Boing Boing has published a great collection of old print ads for Pong (and its many knockoffs), the game that kicked off the digital quarter-sucking arcade craze. The site also provides historical context. An excerpt:

“In September 1972, Atari’s Nolan Bushnell and Allan Alcorn installed the prototype Pong machine at Andy Capp’s Tavern in Sunnyvale, California. The idea was to make a computer game that was ‘so simple that any drunk in any bar could play.’ And boy, did they ever.

Now, was Pong a hit because America loved Ping Pong so much that they wanted to play it on TV too? Or as media theorist Douglas Rushkoff has said, was it empowering because finally anyone could control what was on the TV? Either or neither way, people lined up for their chance to ‘Avoid missing ball for high score,’ as per the machine’s only instructions. Within just a few months, the Pong clone wars had begun.
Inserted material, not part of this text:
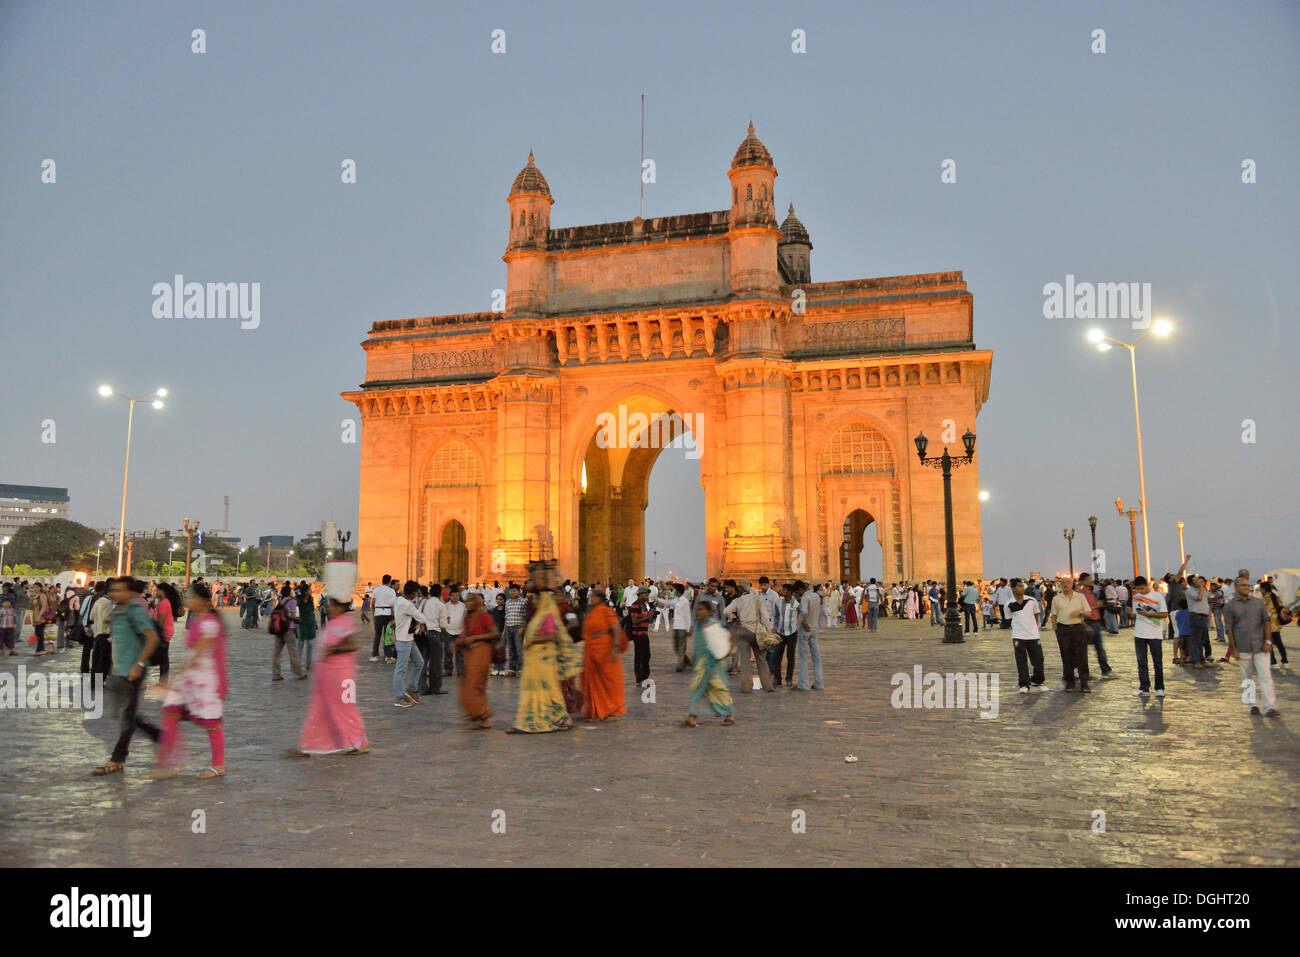 Gateway of India monumento, punto di riferimento di Mumbai, Mumbai, Maharashtra, India Immagini Stock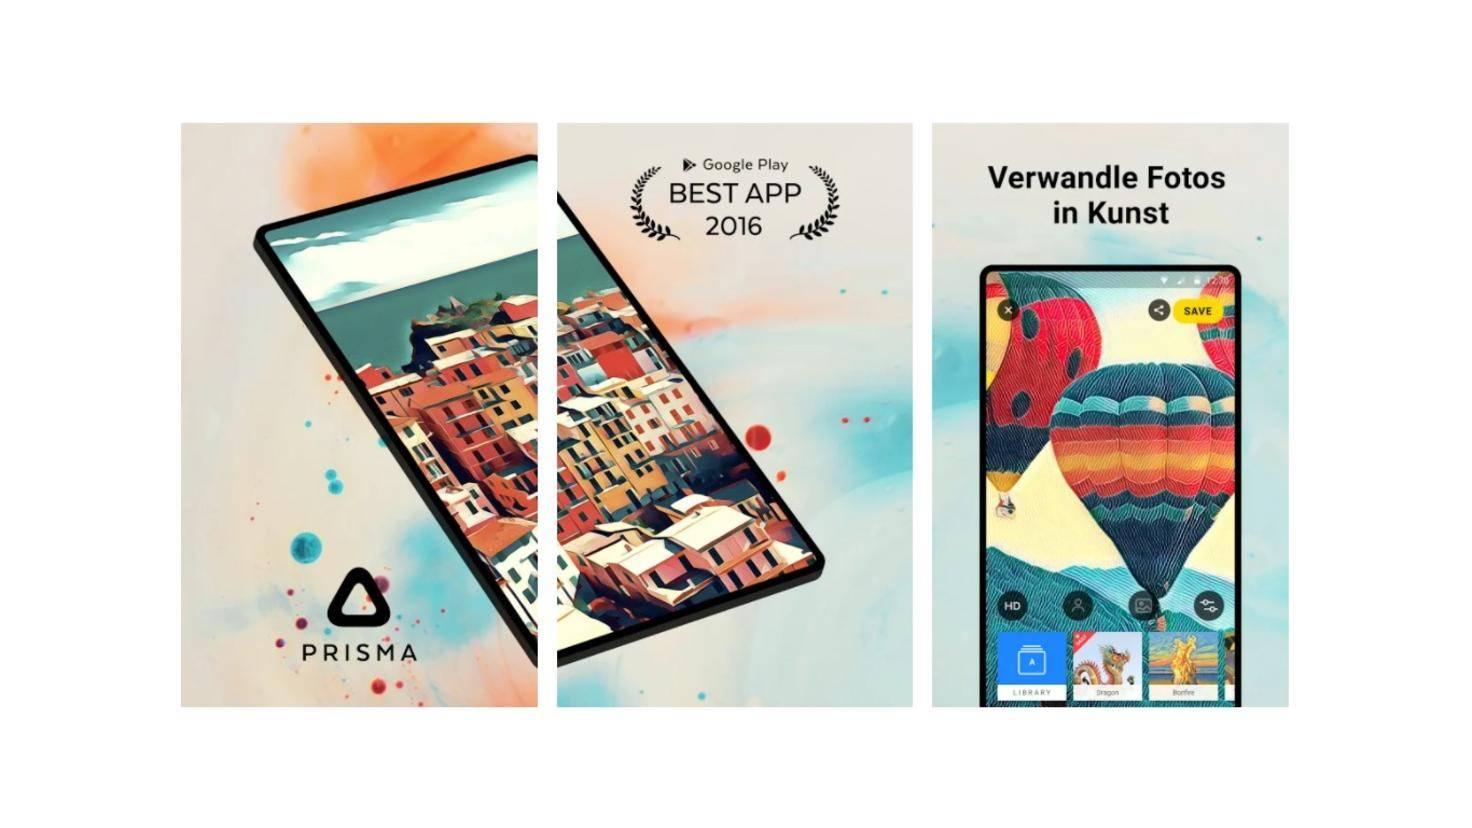 prisma-foto-app-android-ios

Atari didn’t have the patent on the technology and very quickly the vast majority in the machines eating quarters around the country were knock-offs. Of course, Pong itself was ‘inspired’ by an electronic ping pong game that was in the Magnavox Odyssey home system. To keep up, Bushnell continued to innovate, as did everyone else. Call it a volley between King Pong and his brethren, while an invasion from space was on its way.”